> Problem details:
Reproduce, word for word, the lines in the material below starting with the one that has "Villa in vendita" and going on through the one that has "schmuck tasche von". Leave out all pictures.

----- Source data -----

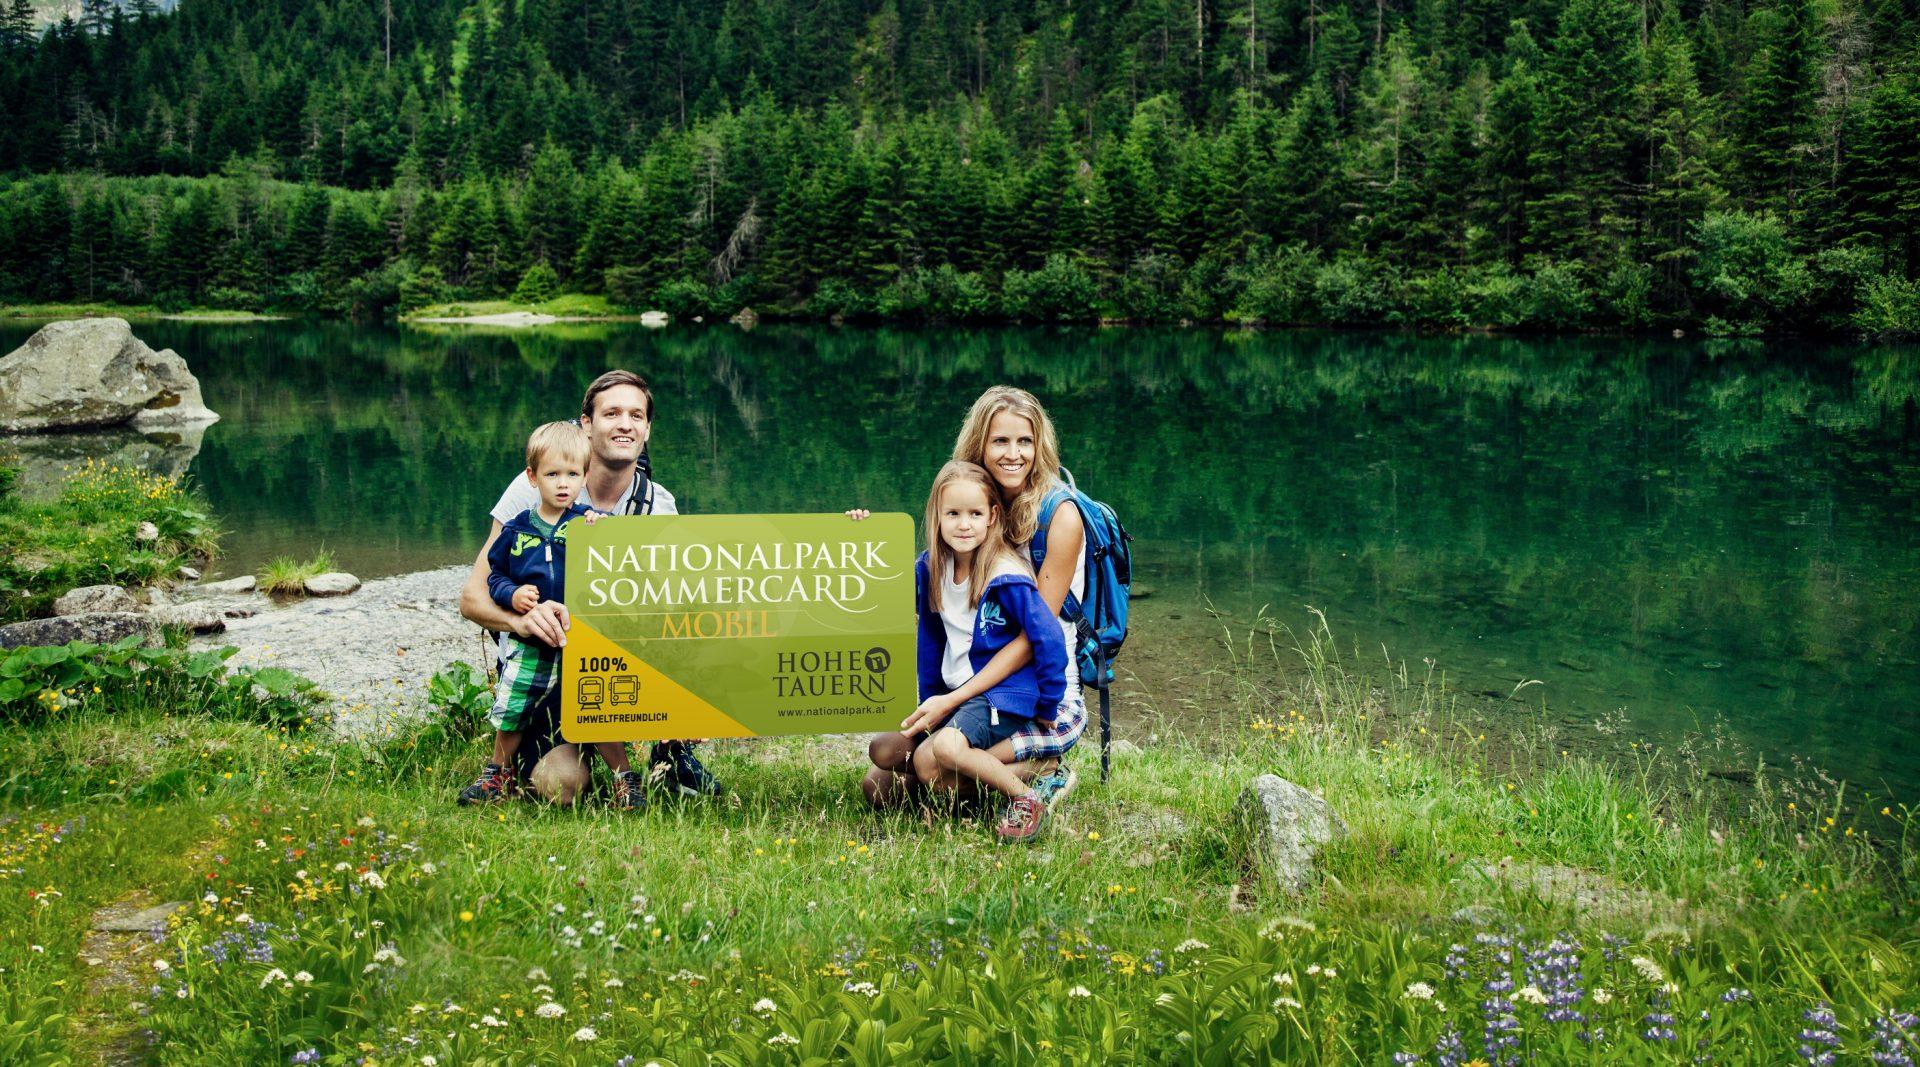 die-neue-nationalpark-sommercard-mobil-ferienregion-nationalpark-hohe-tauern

-----
----- Source data -----

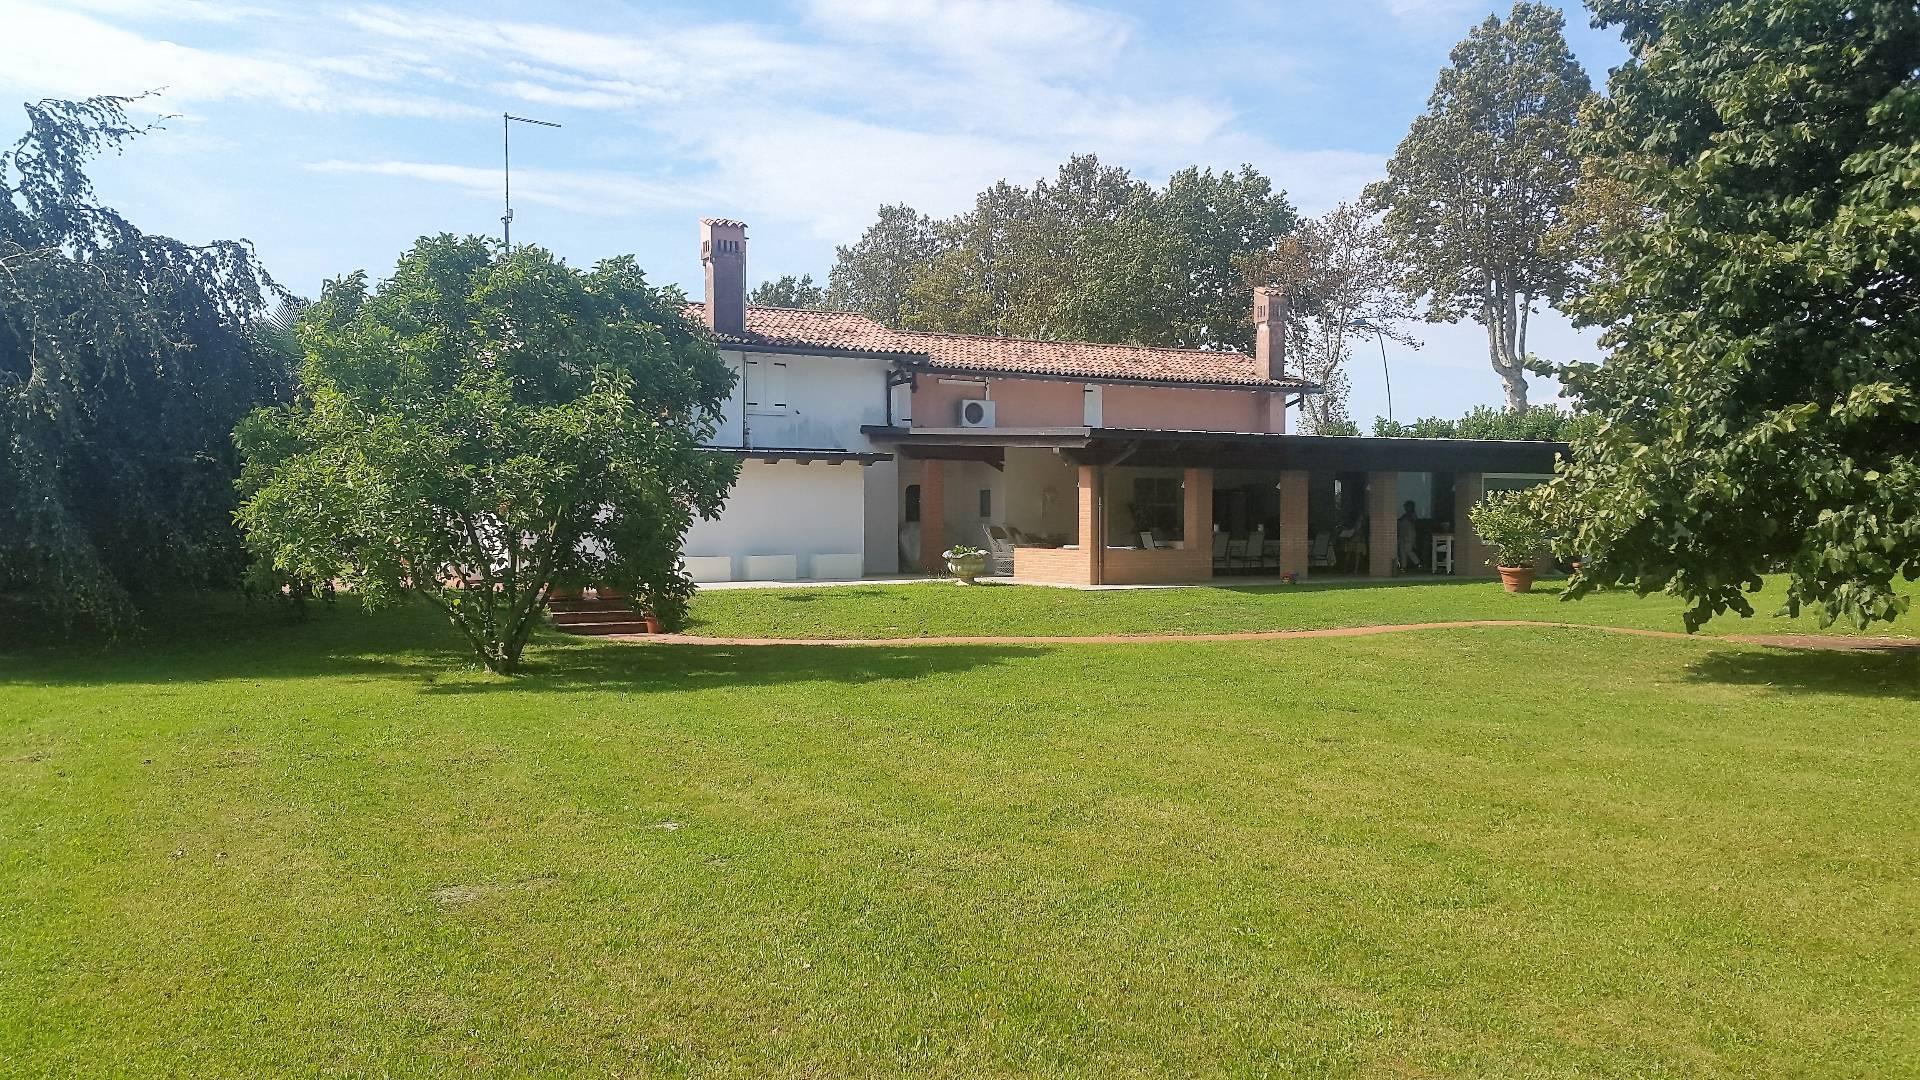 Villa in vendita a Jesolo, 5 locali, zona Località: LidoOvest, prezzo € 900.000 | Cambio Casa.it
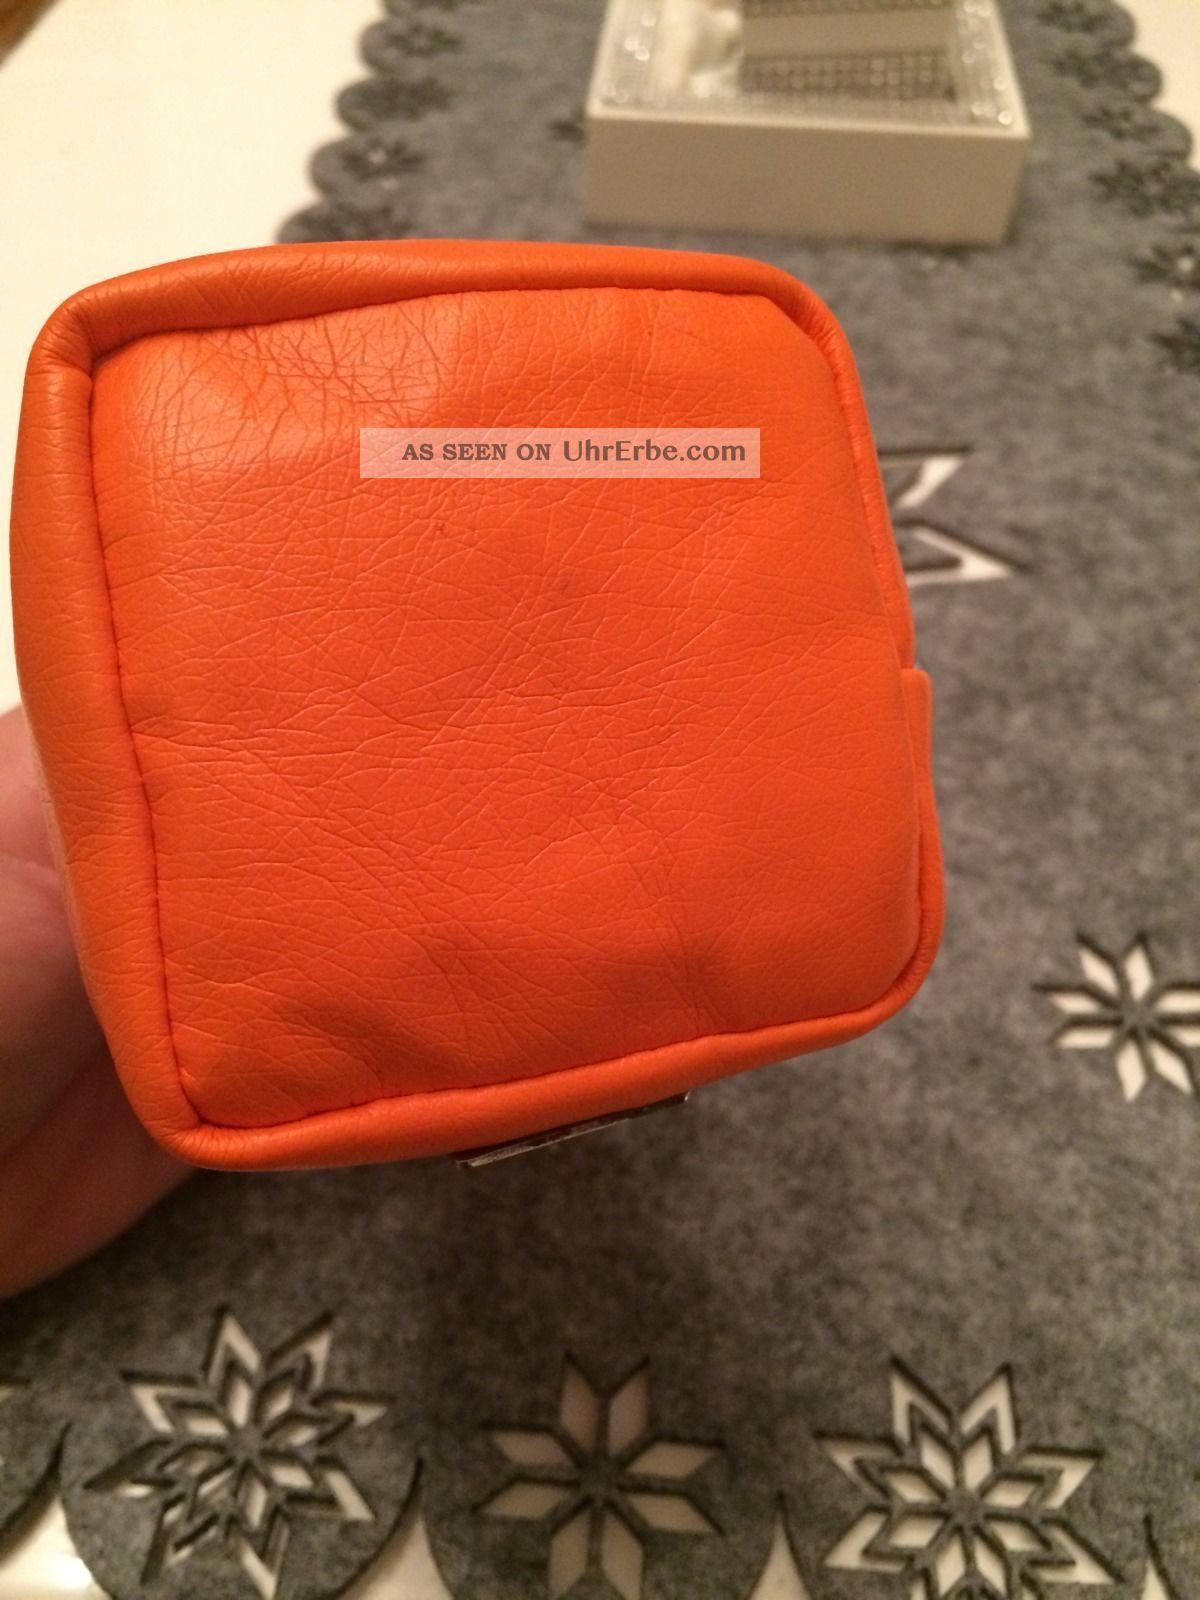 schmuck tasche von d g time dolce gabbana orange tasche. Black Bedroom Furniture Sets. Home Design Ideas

-----

> Written response:
 Villa in vendita a Jesolo, 5 locali, zona Località: LidoOvest, prezzo € 900.000 | Cambio Casa.it
 schmuck tasche von d g time dolce gabbana orange tasche. Black Bedroom Furniture Sets. Home Design Ideas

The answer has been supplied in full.